Wobei das nicht notwendigerweise bedeutet, dass sich alle permanent engagieren müssen, wie das Markt Schwabener Beispiel zeigt. Deren durch eine Privatinitiative entstandene Verbindung mit der italienischen Stadt Ostra besteht seit 2003; die zahlreichen Aktivitäten auf beiden Seiten wurden bis vor einem Jahr von einem Komitee organisiert. Nun aber geschieht dies in Form eines Aktivkreises im Bereich "Kunst und Kultur", unter dem Dach eines übergeordneten Fördervereins. Wer Lust hat, macht mit, und wenn Not am Mann ist, sind mehr als genügend helfende Hände am Start, wie Bernhard Wieser und Silke Staab-Thuro berichten.

In Zukunft wollen sich die Komitees gegenseitig besuchen

Auch die Vernetzung mit anderen Markt Schwabener Akteuren klappt offenbar reibungslos: Als die italienische Partnergemeinde kürzlich von einer Flutkatastrophe heimgesucht wurde, konnte unter Mitwirkung verschiedenster Gruppen eine Benefizabend veranstaltet werden. Mit privaten Spenden sind so mehr als 12 000 Euro zusammengekommen.

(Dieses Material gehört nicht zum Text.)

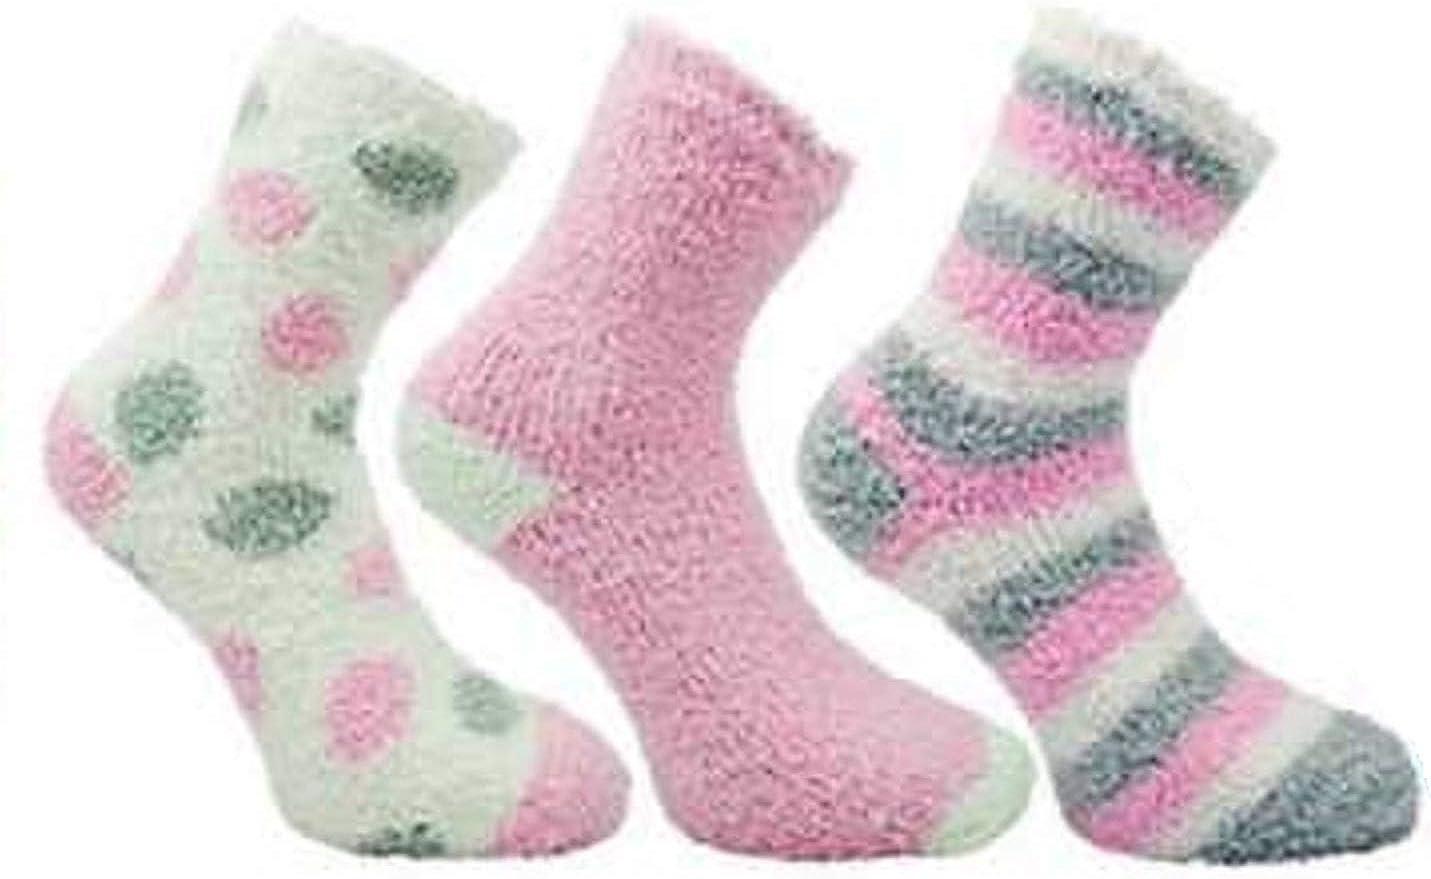 Womens Fluffy Stripes Plain /& Polka Dot Co-Zee Thermal Socks 3 Pair Pack

Wenn solche Dinge noch funktionieren, dann ist das Konzept der Städtepartnerschaft mit Sicherheit nicht überholt. Das sehen auch die Teilnehmenden dieses Abends so, die sich nach fast dreieinhalb Stunden mit dem Vorsatz verabschieden, in Kontakt zu bleiben und sich bei den diversen Events gegenseitig zu besuchen.